March 30, 2013 at 7:31 pm
Jacqueline,
Sorry for replying late!
I am really sorry if you are still getting billed. If you’d already not cancelled your (possibly) trial subscription using the product, you can call our support at 1-800-488-7330 and they would help you in getting refund of any wrong charge.
Meanwhile, I’d also emailed one of our support agents to look into your issue.
Thanks,
NM
March 30, 2013 at 6:08 pm
I appreciate your trying to be open and to disclose more.
Having a native-English language person edit the grammar will leave a better impression on your readers – always be conscious that other people with superior English will be reading what you write; strive to meet the challenge.
March 30, 2013 at 7:35 pm
Robert,
First, thanks for your candid feedback.
Second, I will make sure we spend more time into editing and reviewing the content from now on. Upon review of this particular post, we found and fixed few typos.
Regards,
NM
April 1, 2013 at 12:16 pm
I’d just like to second the request for optional multifactor authentication. Perhaps through SMS or Google Authenticator.
April 8, 2013 at 3:33 pm
For multifactor authentication, please note that I, personally, don’t have (or want) a cell phone; I don’t want to be forced to use anything related to Facebook or Google against my will. If MFA is optional, that will be fine. Thanks.

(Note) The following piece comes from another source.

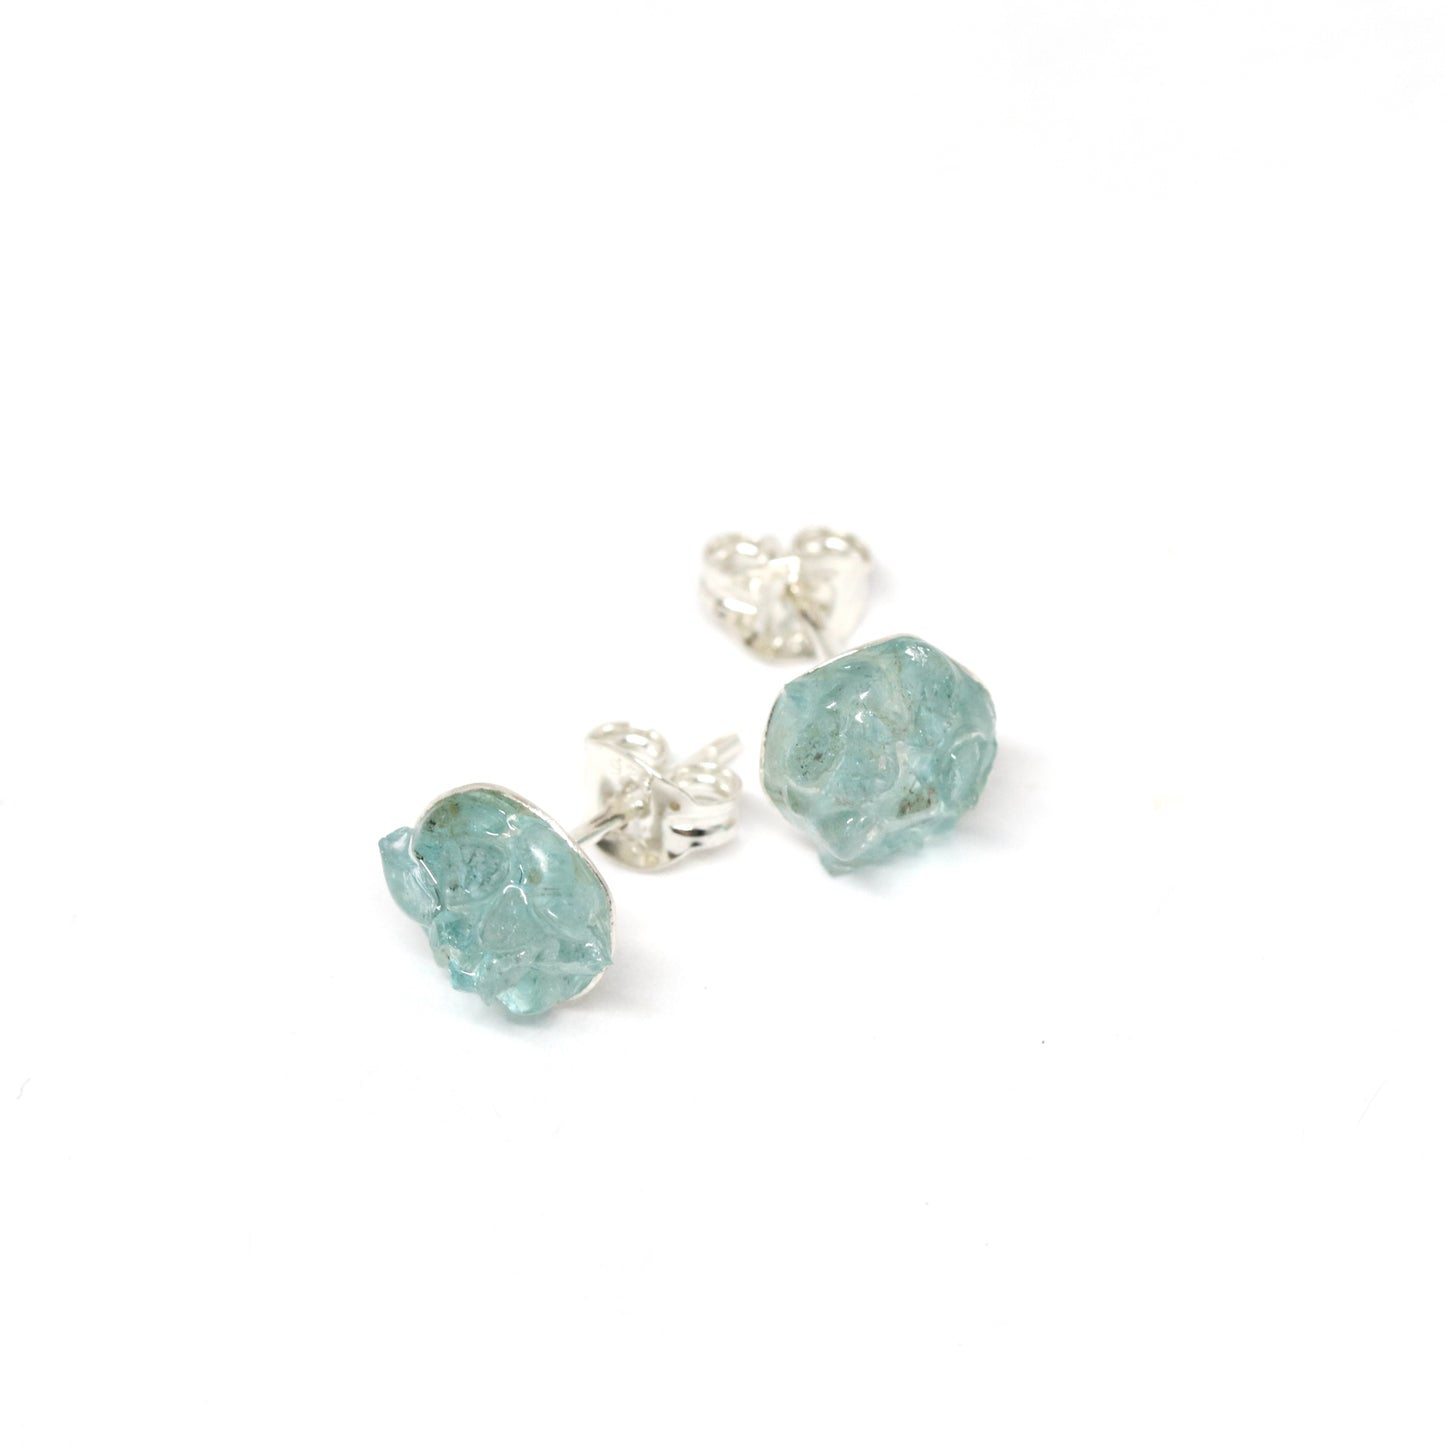 Apatite (pale). Gemstone and silver stud earrings. Made in Wanaka. Unique, colourful jewellery designed and crafted by New Zealand artist and jeweller Briar Hardy-Hesson.

April 14, 2013 at 11:23 am
If It an`t broke don`t try and fix It.Some folk`s are sometimes asking for to much ! I don”t use a Cell Phone for my Business either,There is a time and place for some business to use these devices.Call me old fashioned but I am still in Business
April 14, 2013 at 9:10 pm
I think there is some confusion here. Multifactor authentication has nothing to do with phones. It’s an additional layer of security when you login. Most banks already have this to protect your account from a simple password theft. It can be as simple as asking for an additional security question, or as complex as requiring you to register each machine that you access QuickBooks from. Hackers have gotten much more sophisticated about cracking passwords, and QuickBooks contains a lot of sensitive financial information.
I have had my Facebook, Windows messenger, Hotmail, and Sony PlayStation all hacked. Multifactor authentication can prevent this.
May 7, 2013 at 9:00 am
[...] are highly secure. The data centers are Tier-4, the highest level possible. See this article on QuickBooks Online Security for more details. Privacy is a trickier issue. Intuit’s user agreement says that they may use [...]
May 7, 2013 at 9:59 am
Please clarify – The data center description sounds as if the Tier 4 facility is a separate entity. Are the physical data centers owned and managed by Intuit?
It would be unusual for an outside legal entity host to allow Intuit employees to directly secure a data center area.
By design, Intuit’s data contents could be remote key encryption-controlled by Intuit – but, that is different from physically securing the hypervisor equipment. Many cloud Hypervisor architecture deployments are susceptable to higher physical security risks from trusted insiders. Additional security measures – like encryption – can often be difficult to coordinate to implement compensating controls.
May 7, 2013 at 10:20 am
I believe the phone was mentioned above, because there are many MFA solutions that include sending a temp SMS code to a pre-authorized phone number, and others have a token generator on the phone that works like SecureID.